▶ [DATASET]
=-=-=

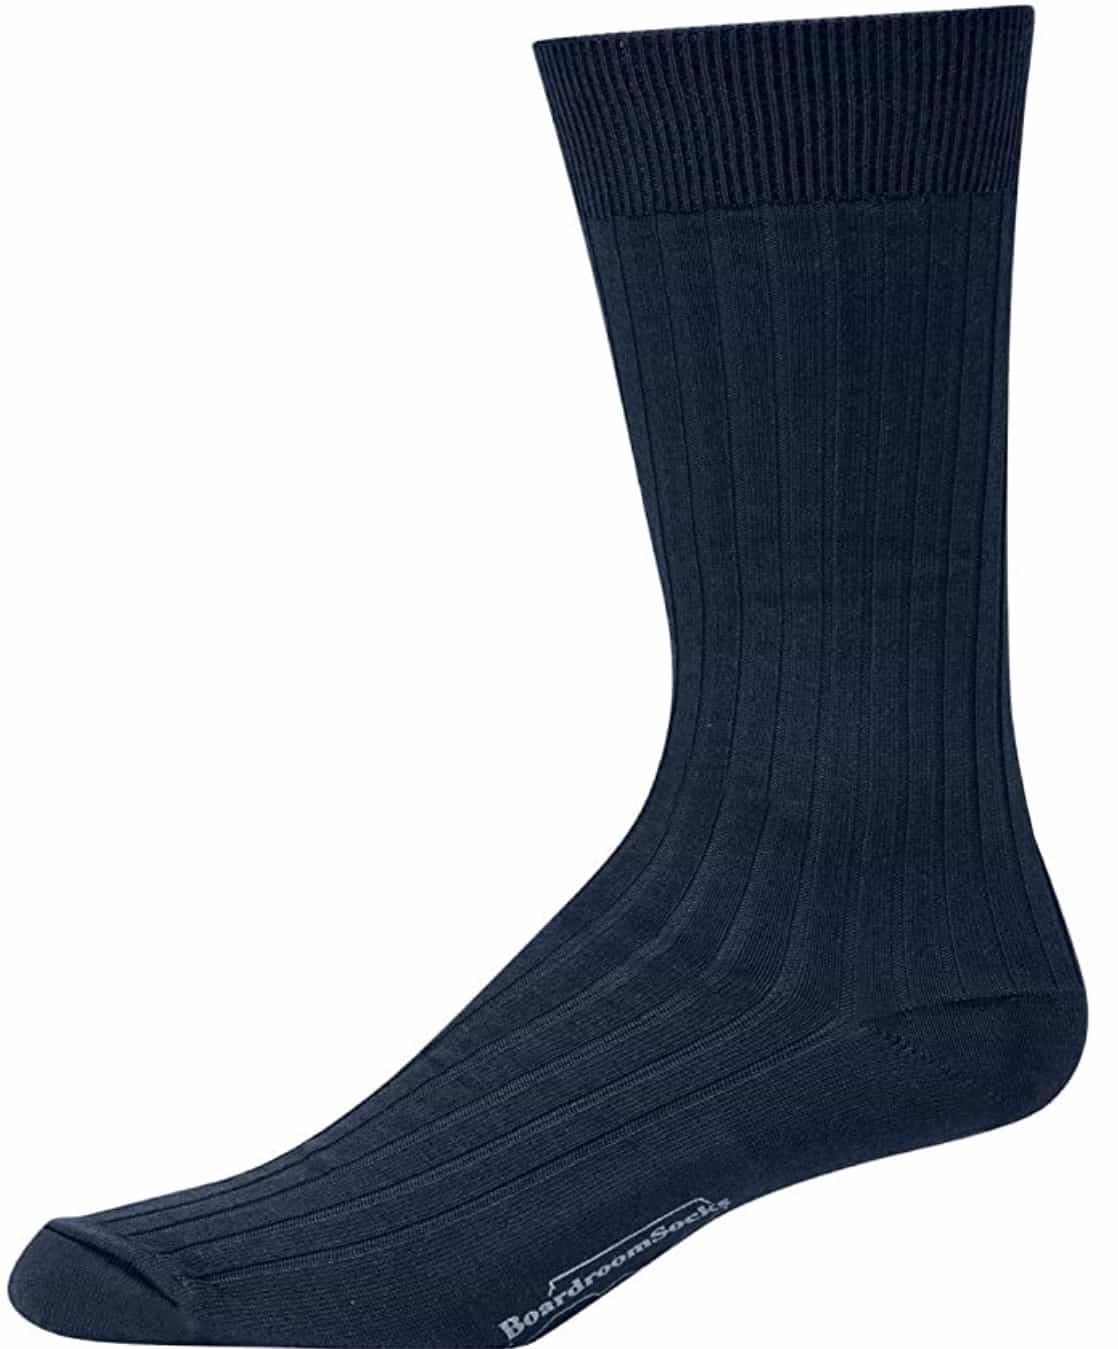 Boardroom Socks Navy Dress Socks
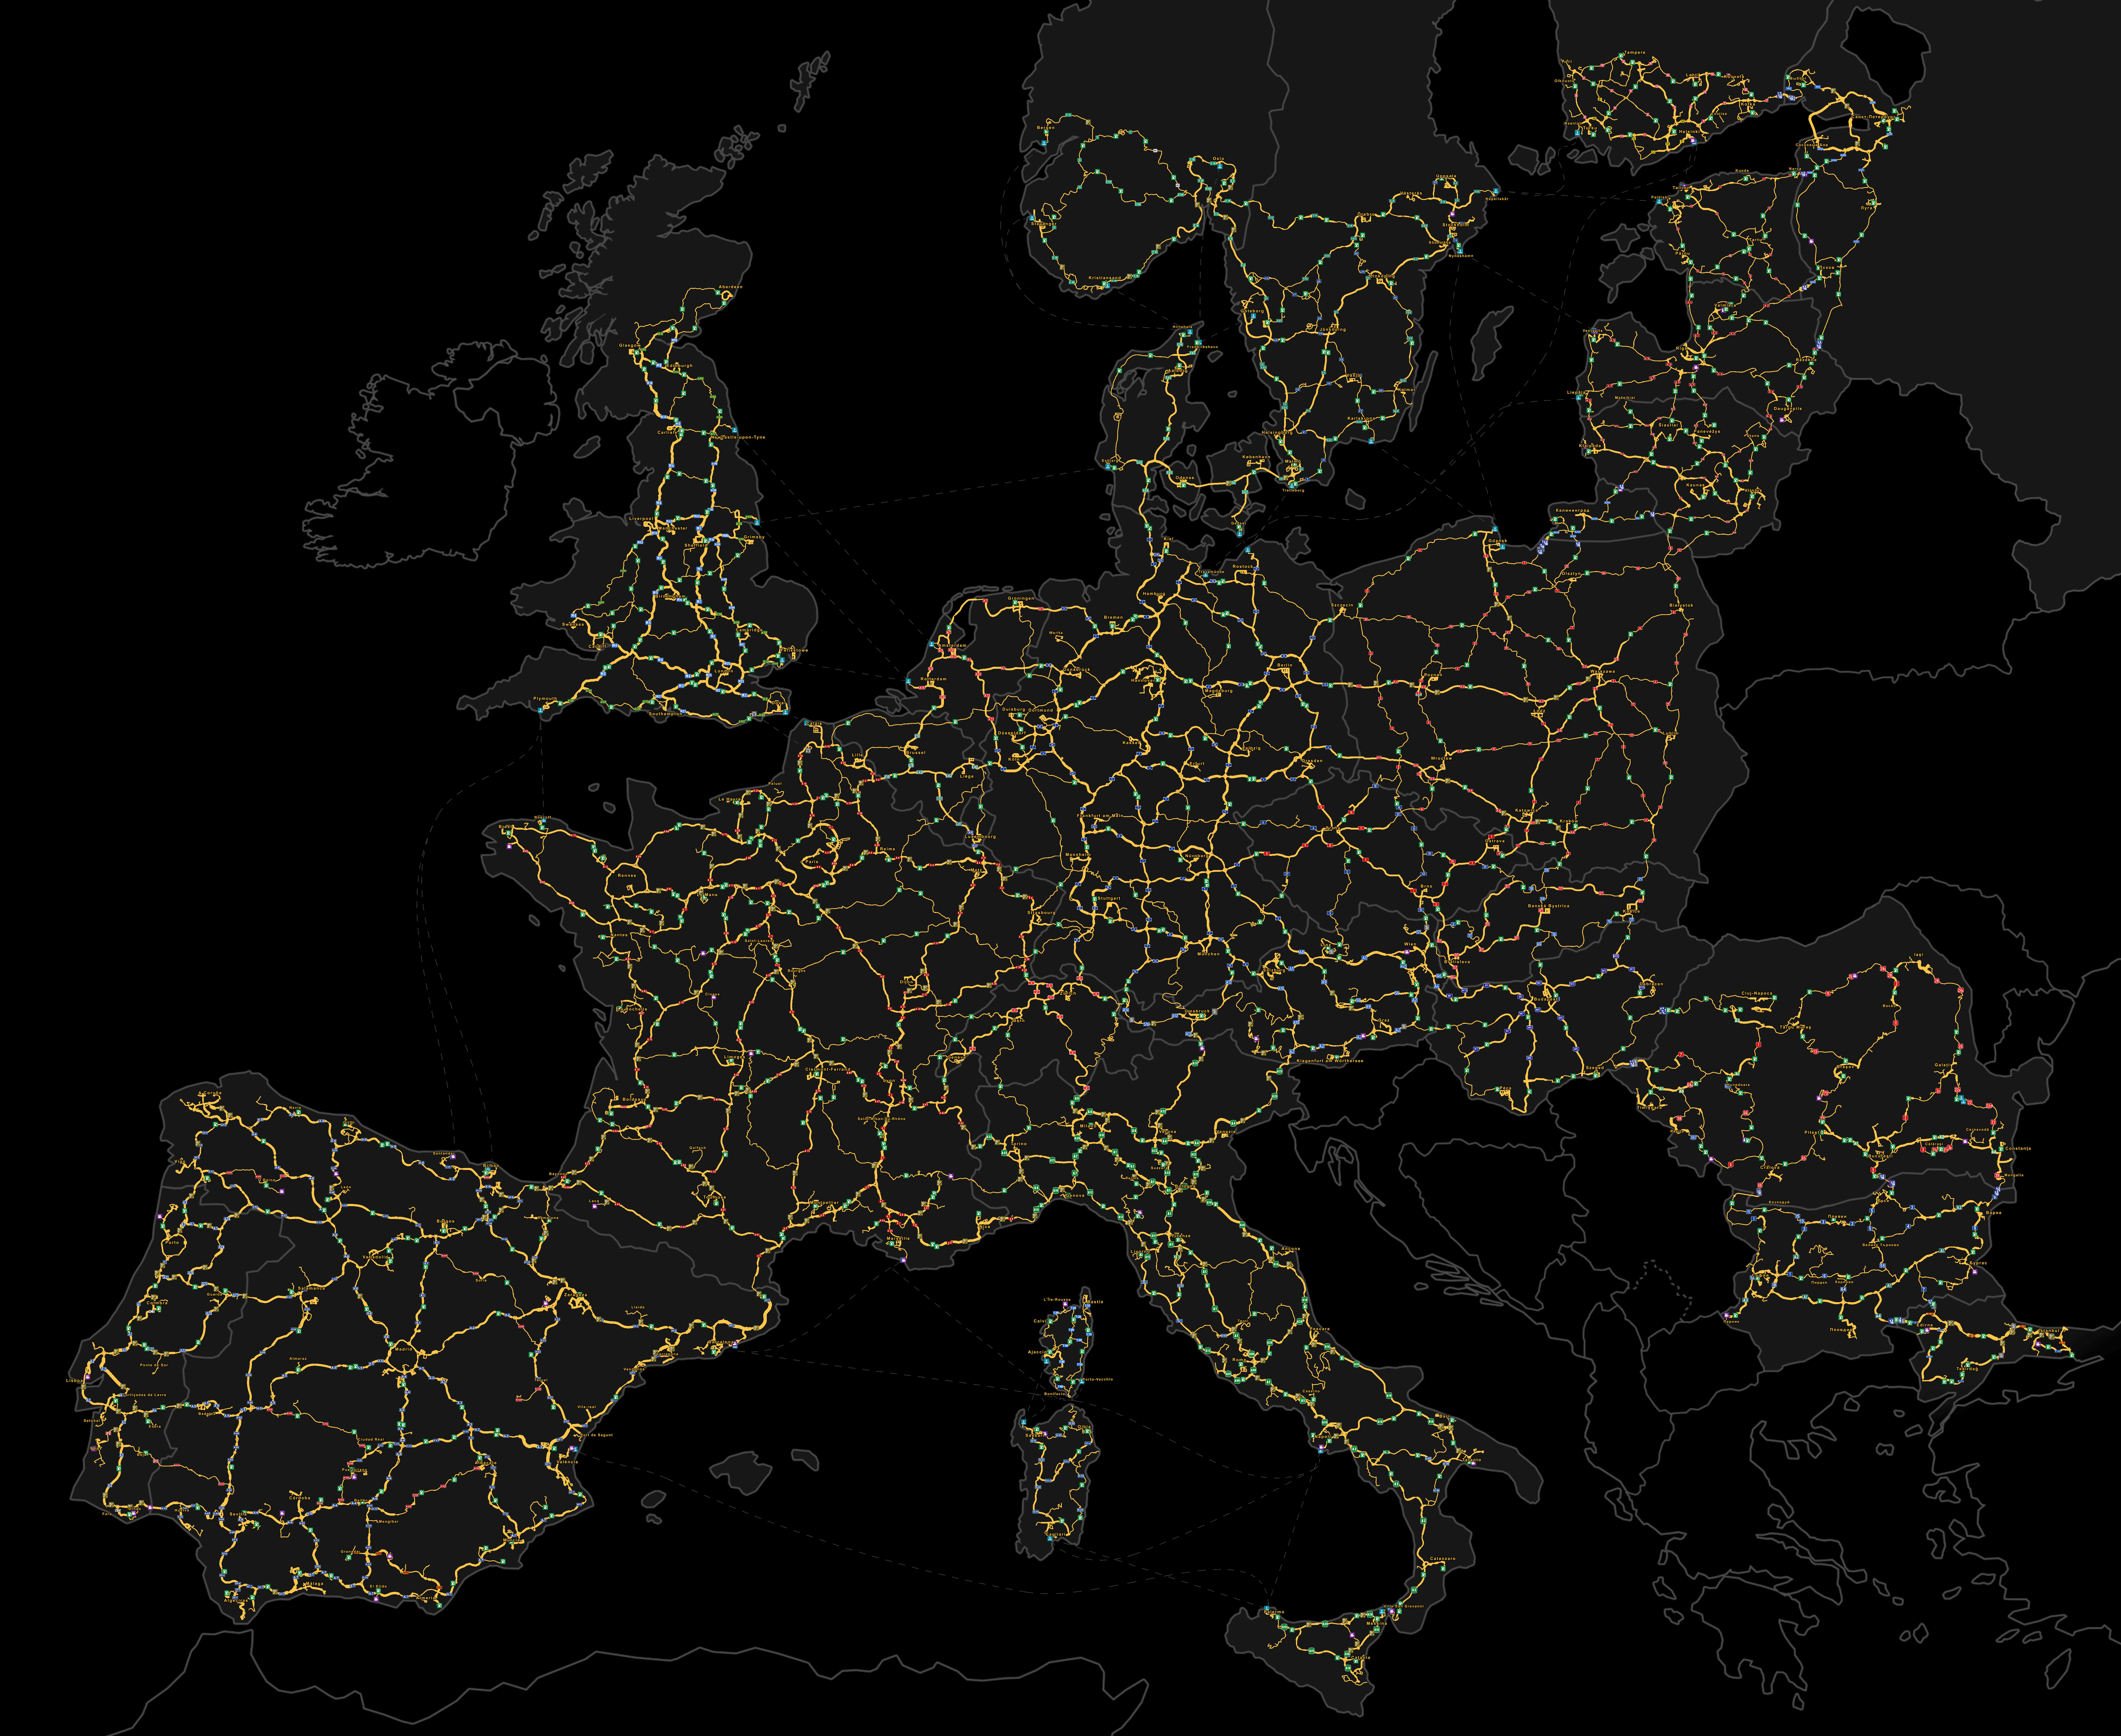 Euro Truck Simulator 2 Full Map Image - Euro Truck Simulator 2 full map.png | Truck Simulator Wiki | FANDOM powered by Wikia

=-=-=

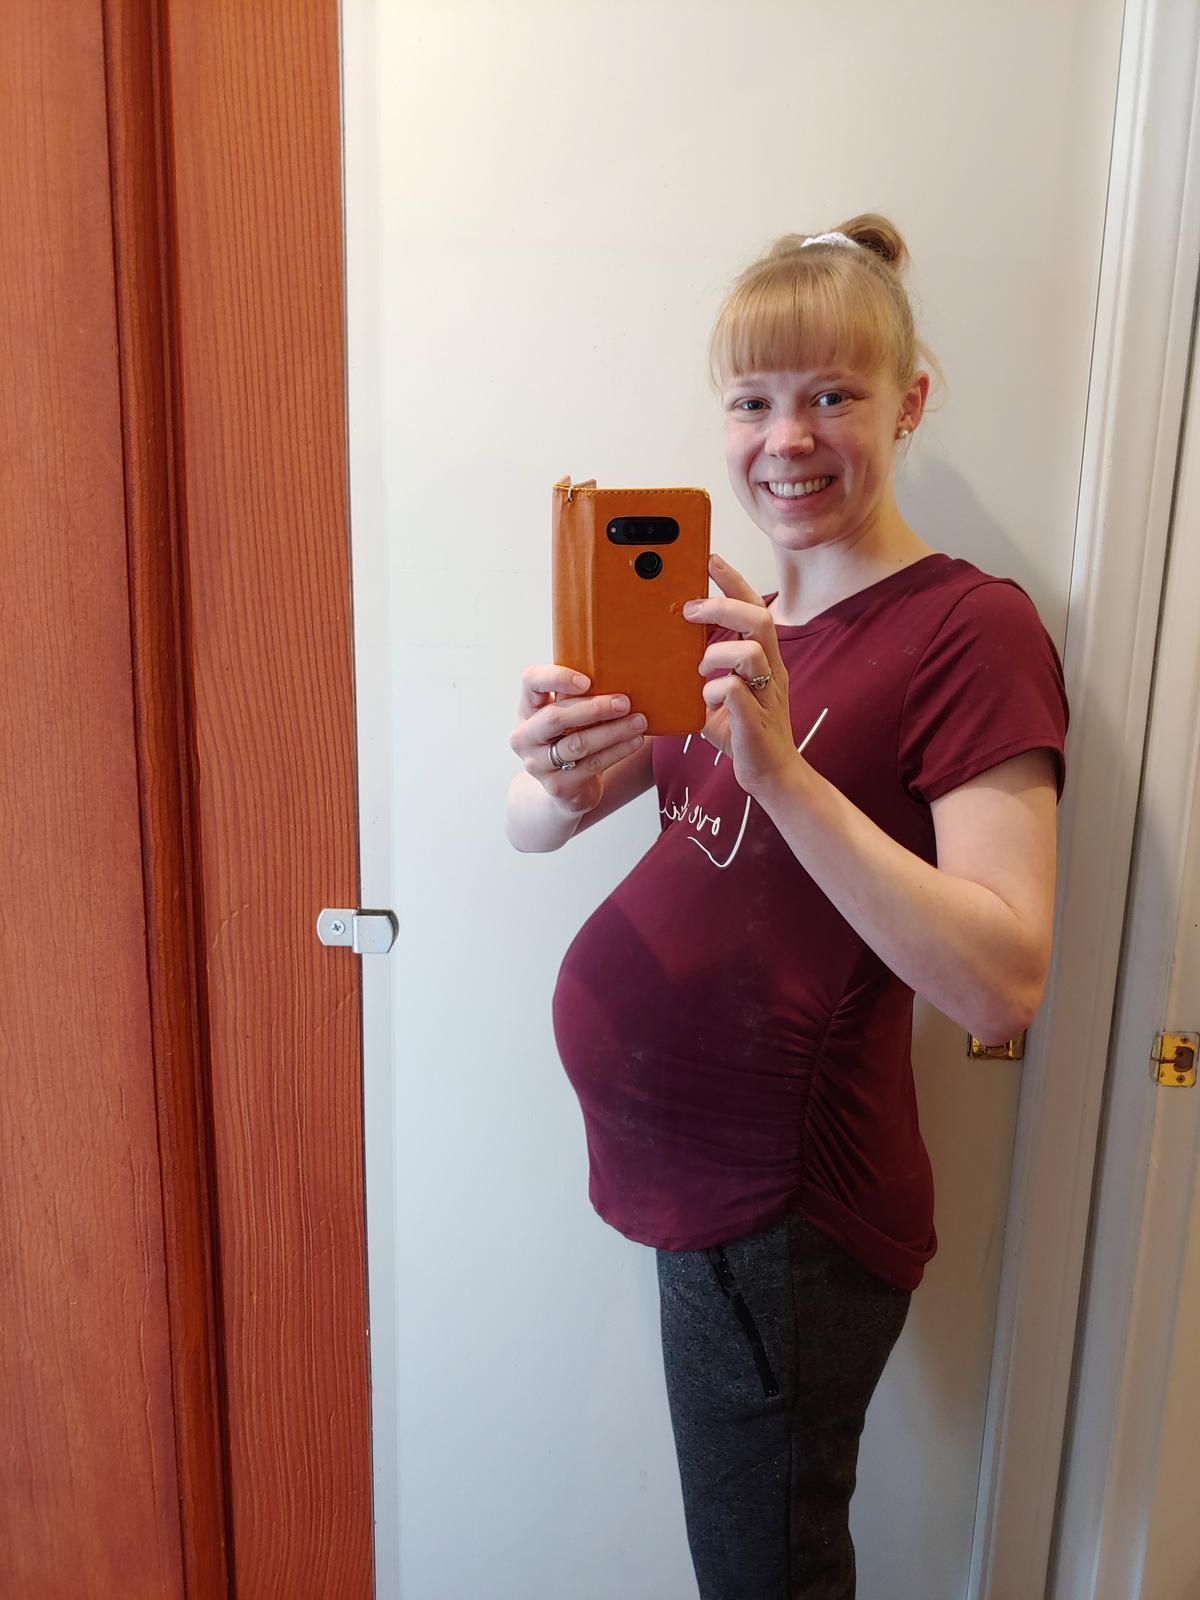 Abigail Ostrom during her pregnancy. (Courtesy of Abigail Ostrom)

=-=-=

▶ [WHAT YOU NEED TO DO]
Only the lines of the listing above from the one with "Boardroom Socks Navy Dress Socks" through the one with "Euro Truck Simulator 2 Full Map Image" should be output, exactly, with both ends kept and pictures left out.

▶ [YOUR SOLUTION]
 Boardroom Socks Navy Dress Socks
 Euro Truck Simulator 2 Full Map Image - Euro Truck Simulator 2 full map.png | Truck Simulator Wiki | FANDOM powered by Wikia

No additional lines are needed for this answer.